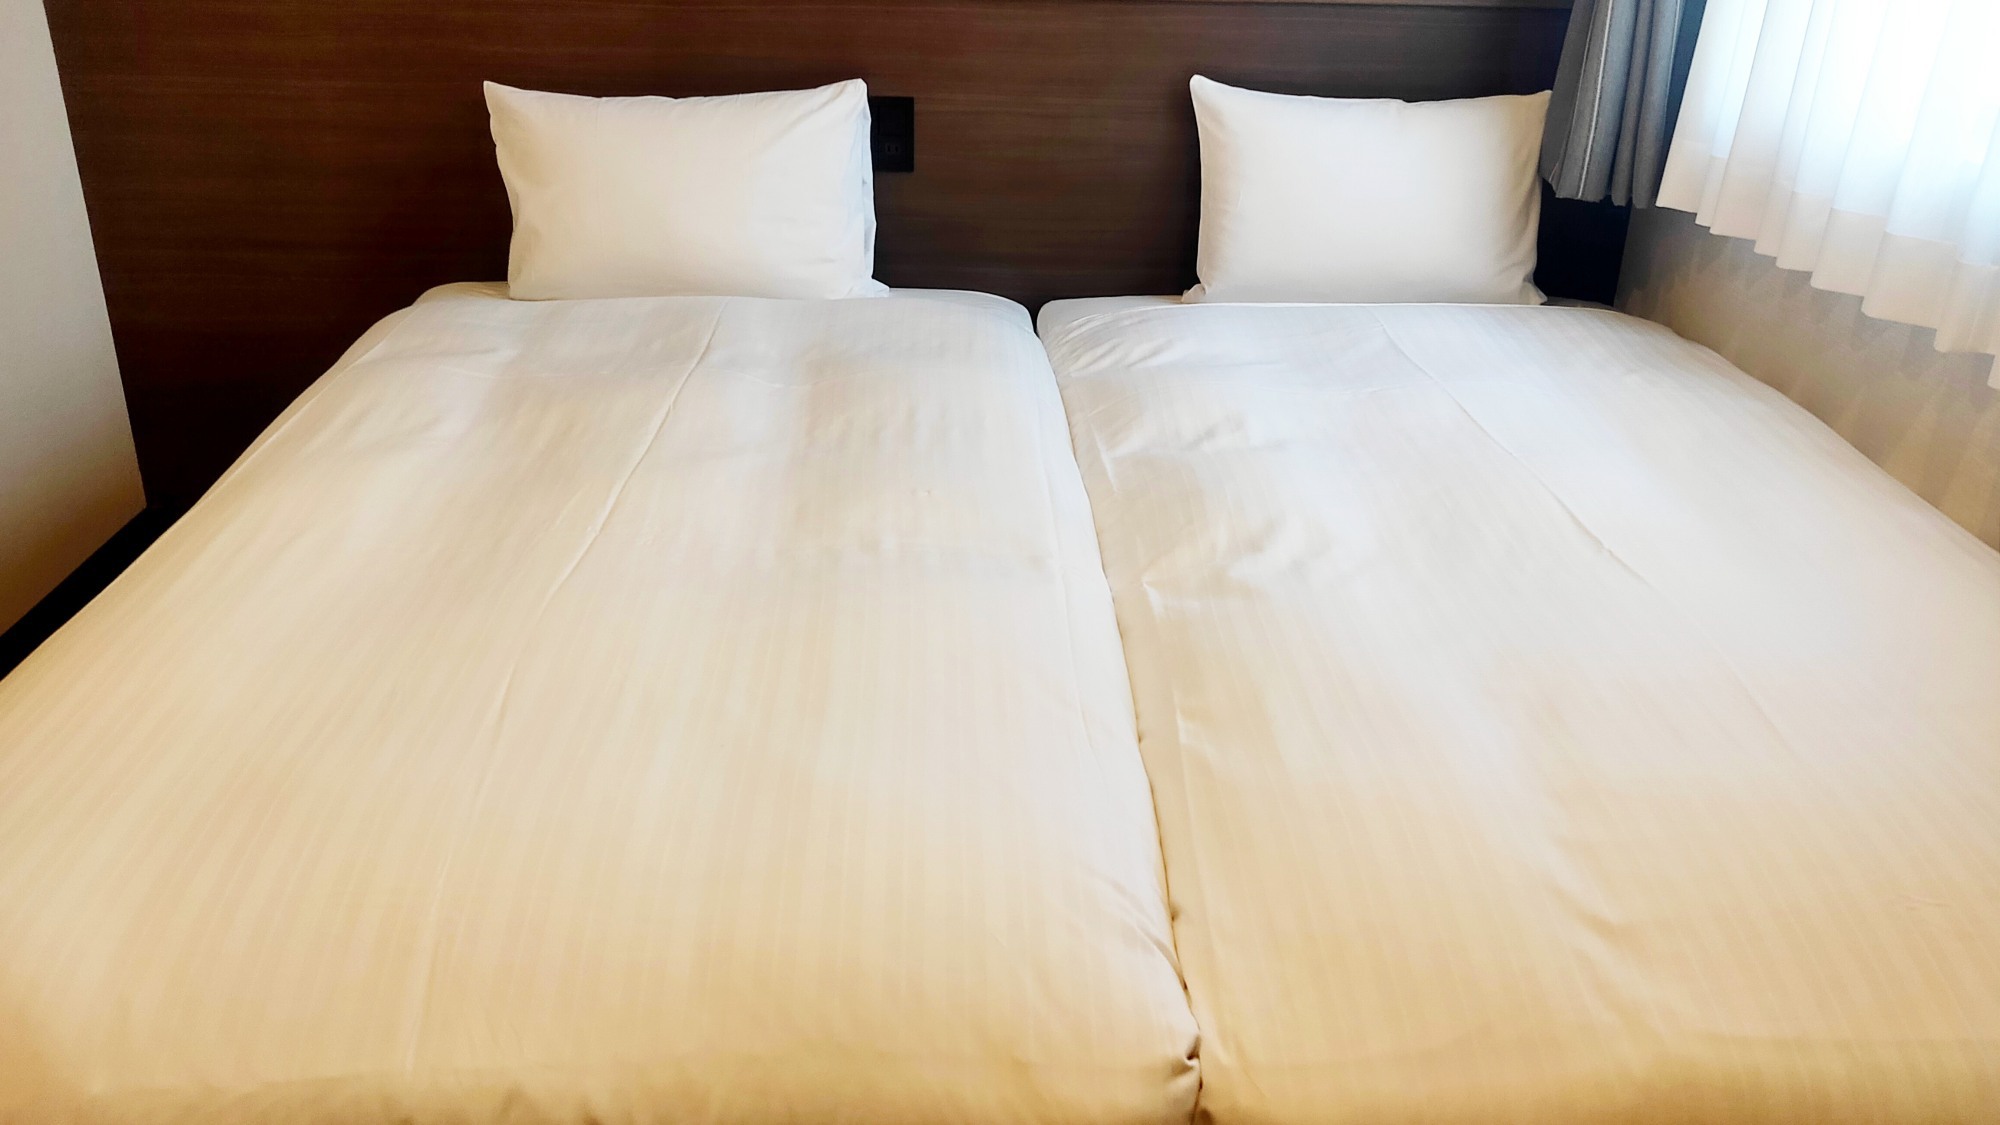 スタンダードツイン(100サイズベッド)ベッドをくっつけてハリウッドツインとして利用する事も可能
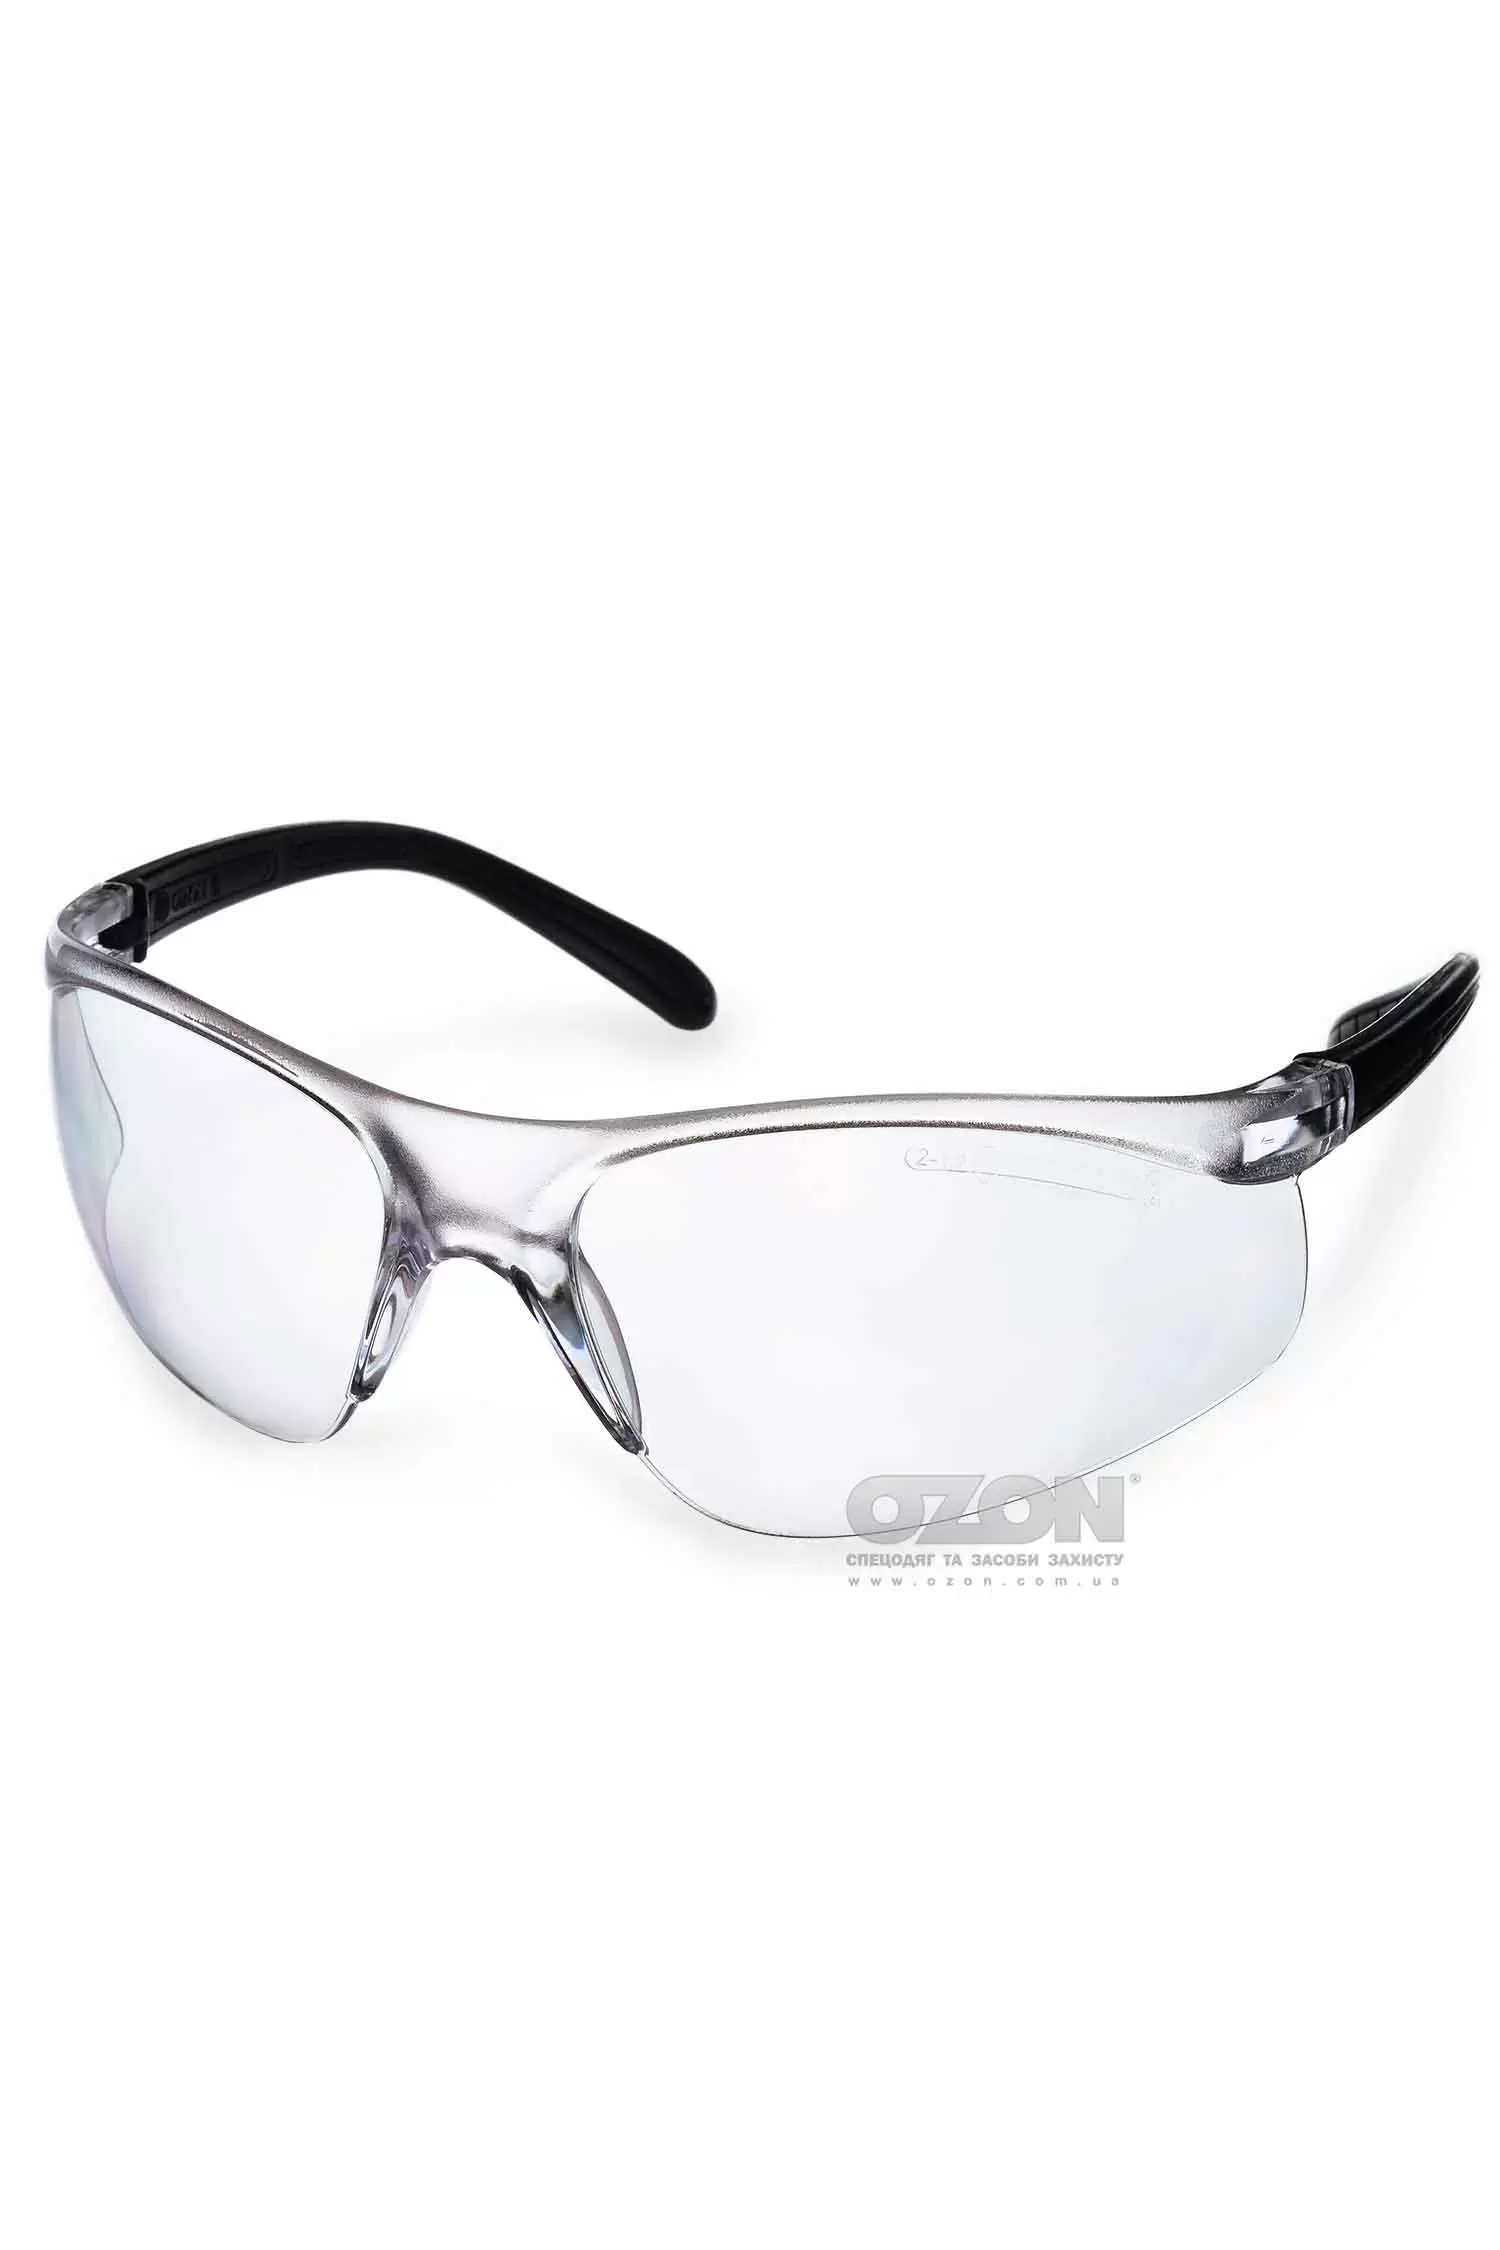 Защитные очки OZON™ 7-081 - Фото 1
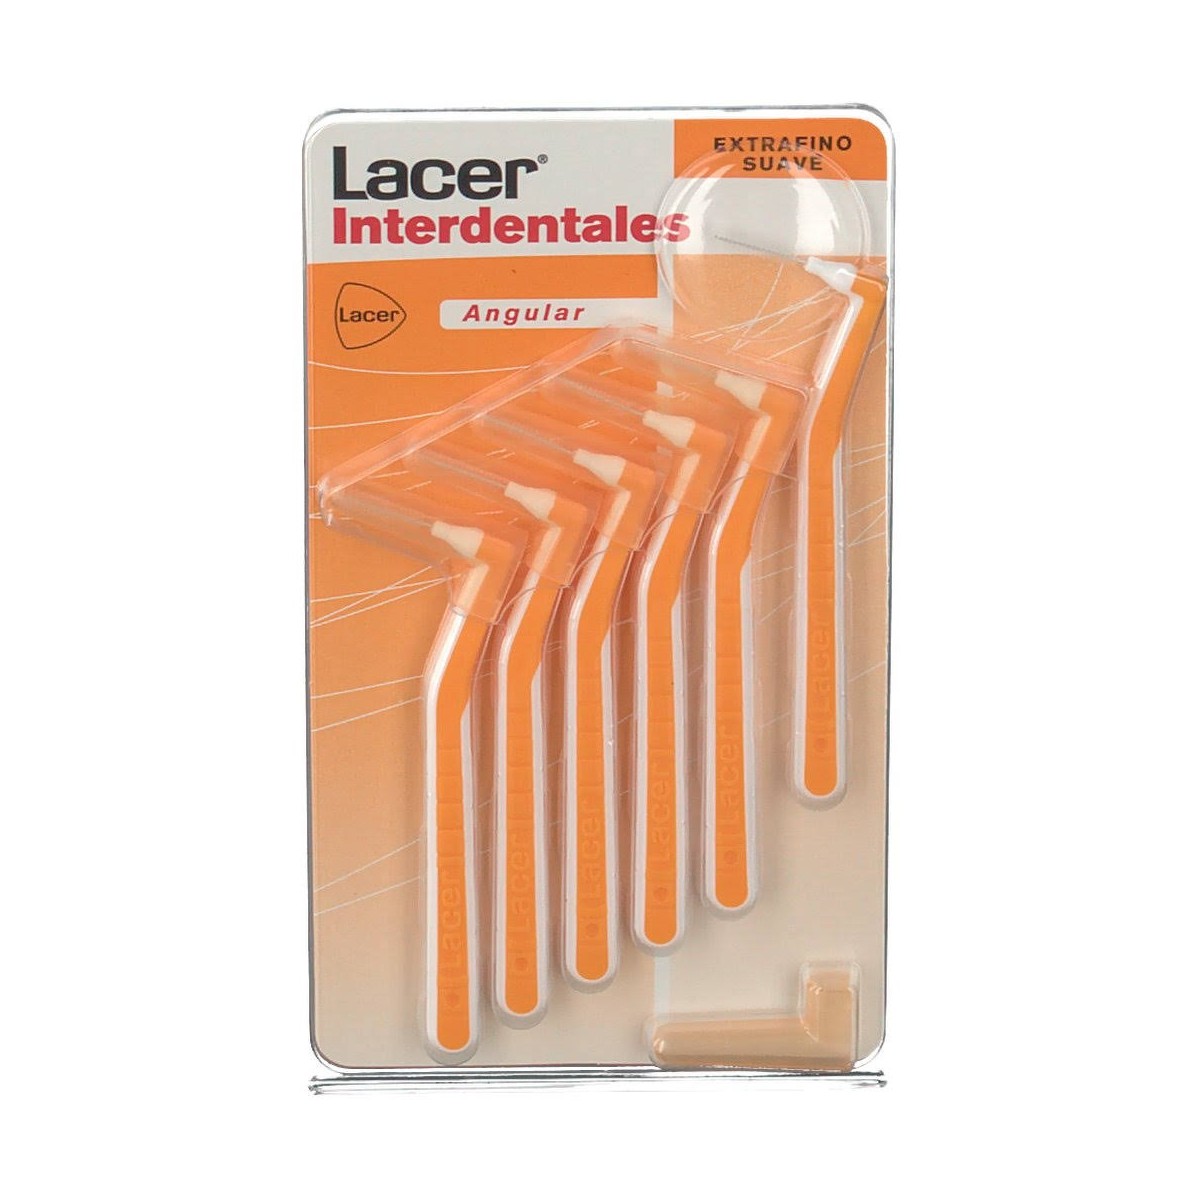 lacer-cepillo-interdental-extrafino-suave-angular
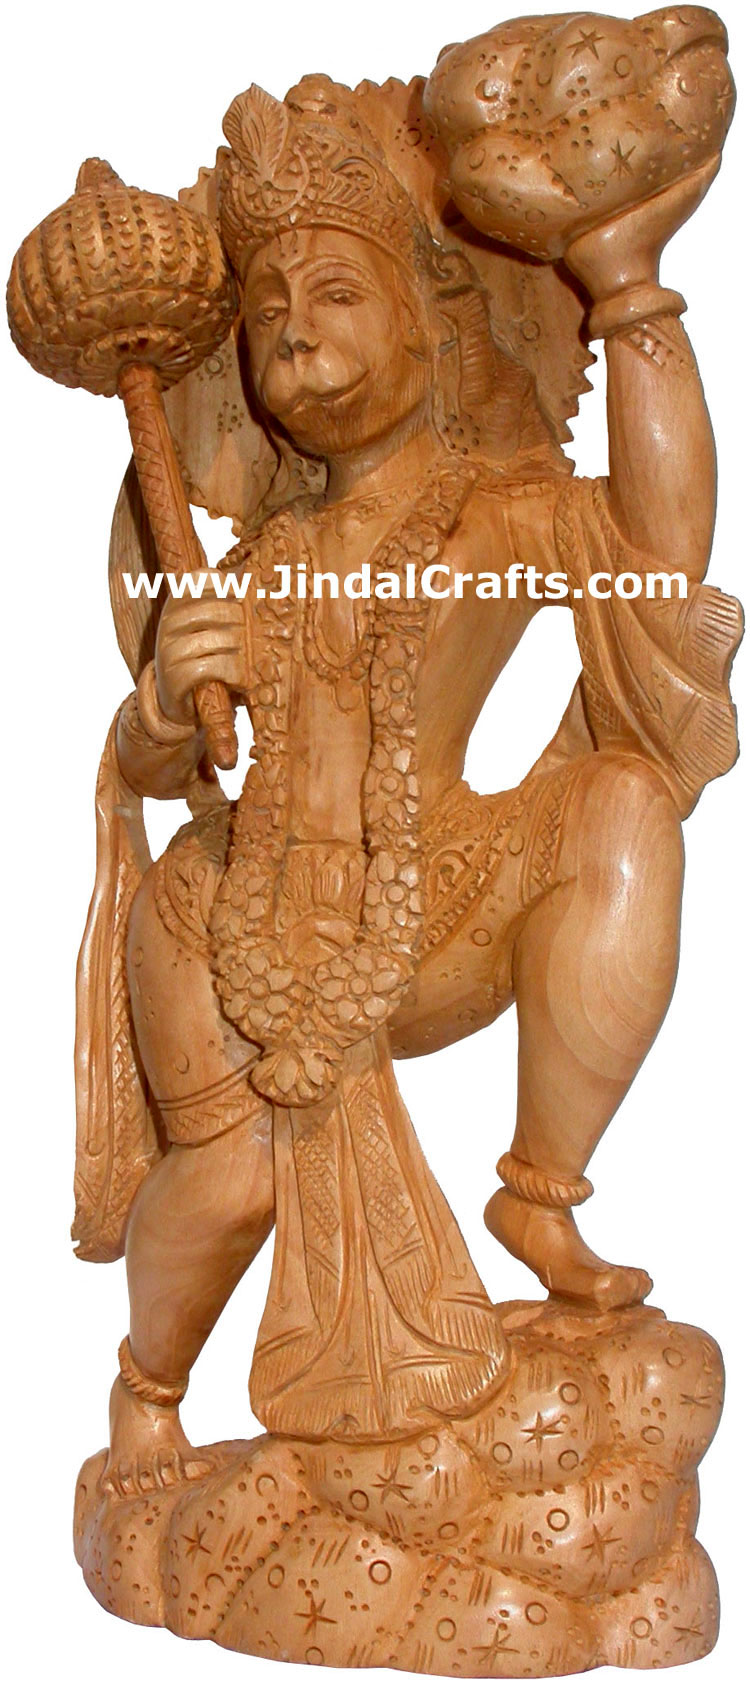 Hand Carved Wooden Hanumaan Figure Indian Art
◇ ◇ ◇
_What you are asked to do:_
Give the data again exactly as written, with no pictures included.

_Exercise result:_
 スタンダードツイン(100サイズベッド)ベッドをくっつけてハリウッドツインとして利用する事も可能
 Защитные очки OZON™ 7-081 - Фото 1
 lacer-cepillo-interdental-extrafino-suave-angular
 Hand Carved Wooden Hanumaan Figure Indian Art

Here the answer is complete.